Am 26. Februar 2010 wurde vor dem 4. Bundesgericht in Buenos Aires der Prozess wegen Fällen von Folter und Mord im Haftlager „El Vesubio" eröffnet. In diesem Lager war auch die junge Deutsche Elisabeth Käsemann nach ihrer Entführung am 9. März 1977 inhaftiert und gefoltert worden. Am 24. Mai desselben Jahres wurde Elisabeth Käsemann zusammen mit 15 anderen Gefangenen in Monte Grande mit vier Schüssen ermordet.
Interviews mit Wolfgang Kaleck zu den laufenden Prozessen in Argentinien und zum Fall Käsemann finden Sie hier.

Eintreten für die Opfer - Interview mit dem Rechtsanwalt Rodolfo Yanzon

Rodolfo Yanzon ist der langjährige Rechtsanwalt der deutschen Folteropfer und Verschwundenen in Argentinien. Er vertritt darüber hinaus zahlreiche Verletzte in allen großen Diktaturverfahren. Auf Einladung des ECCHR befand er sich im November 2009 in Brüssel und Berlin, wo das vorliegende Interview mit ihm geführt wurde.

Die Bedeutung der Diktaturstrafverfahren für die argentinische Gesellschaft

Die derzeitige strafjustizielle systematische Bearbeitung von Einzelfällen und die Ermittlung von Komplexen von einzelnen Haftlagern und Armeeeinheiten durch die argentinische Strafjustiz weist eine neue Qualität auf.
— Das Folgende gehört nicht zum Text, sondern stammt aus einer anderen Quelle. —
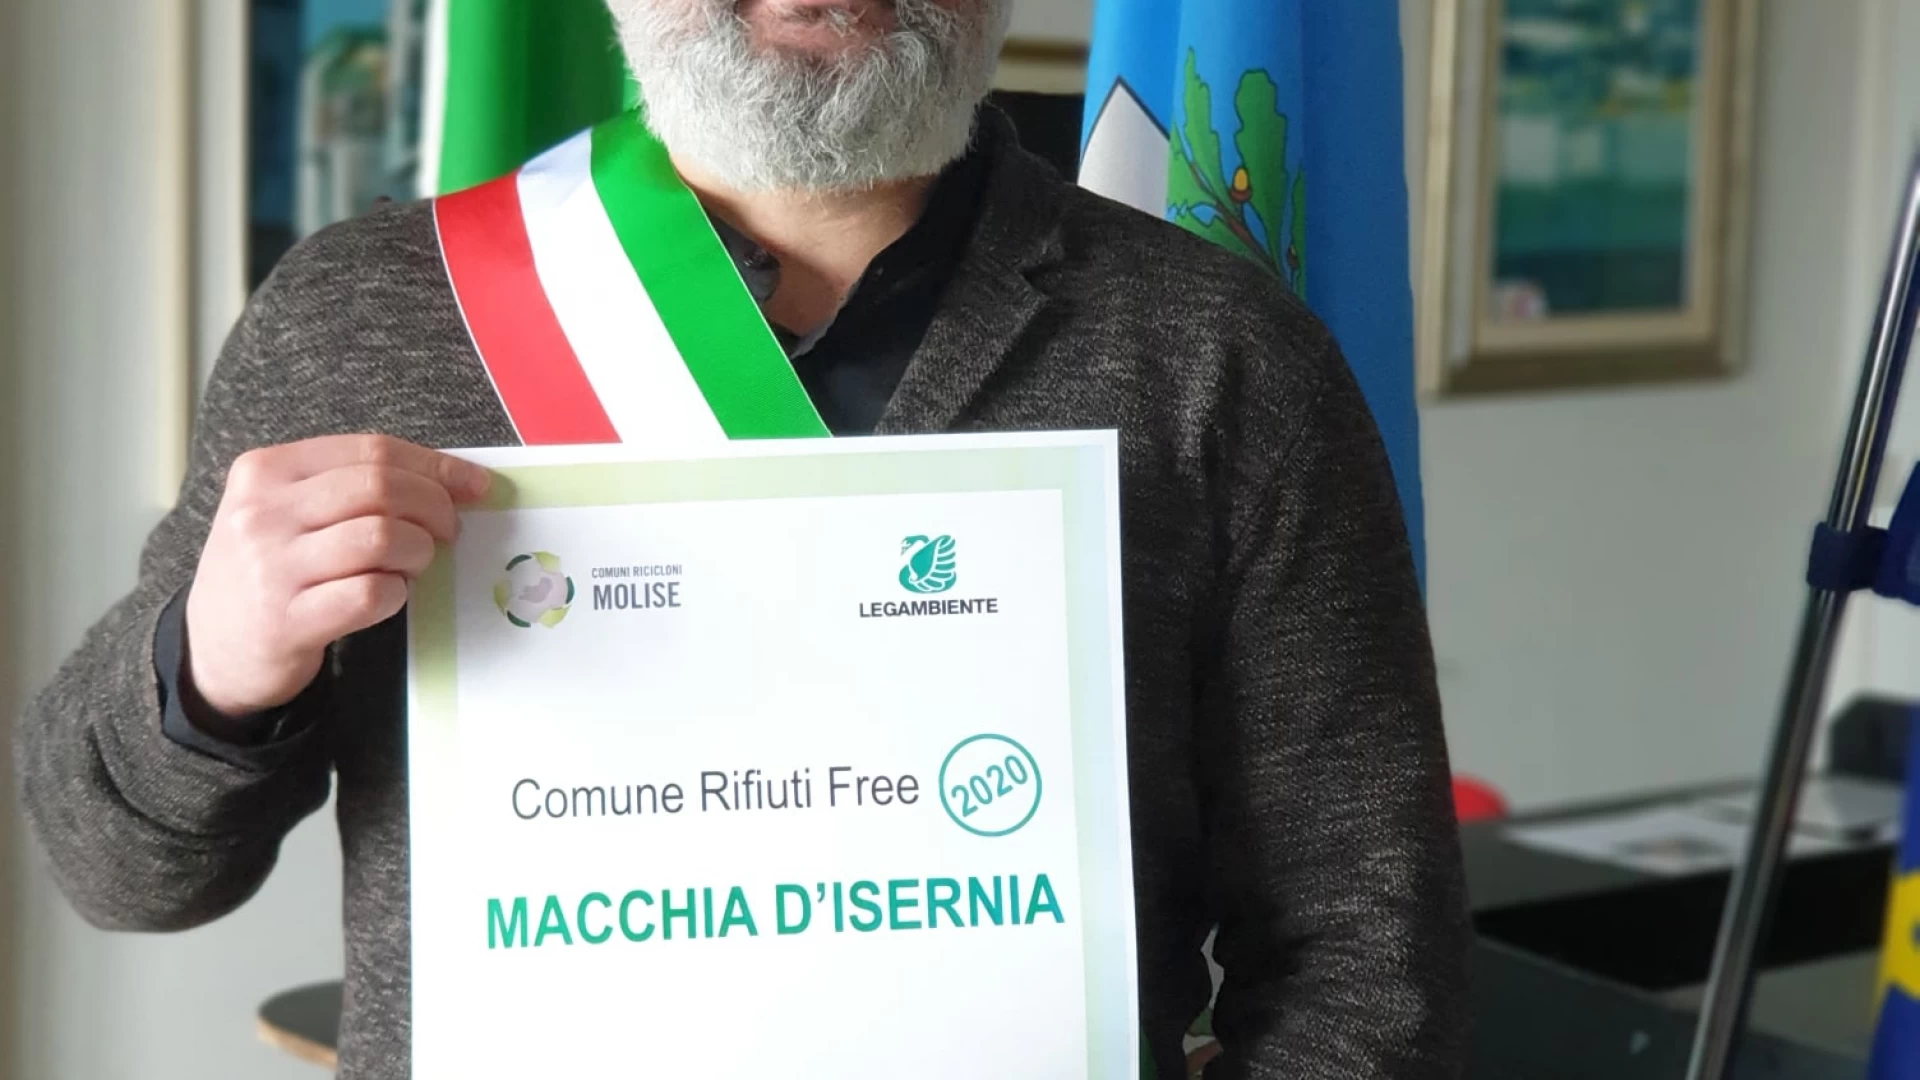 Macchia d’Isernia premiato da Legambiente. E’ un comune rifiuti free per il 2019.

Denn unter Einbeziehung von Zeugen, Angehörigen, Menschenrechtsorganisationen und Experten und unter Nutzung von Zwangsmitteln, die nur der Strafprozess bereithält, konnten sowohl über das Ausmaß und die Verbreitung der Verbrechen als auch über die Details einzelner Taten neue Erkenntnisse gewonnen werden.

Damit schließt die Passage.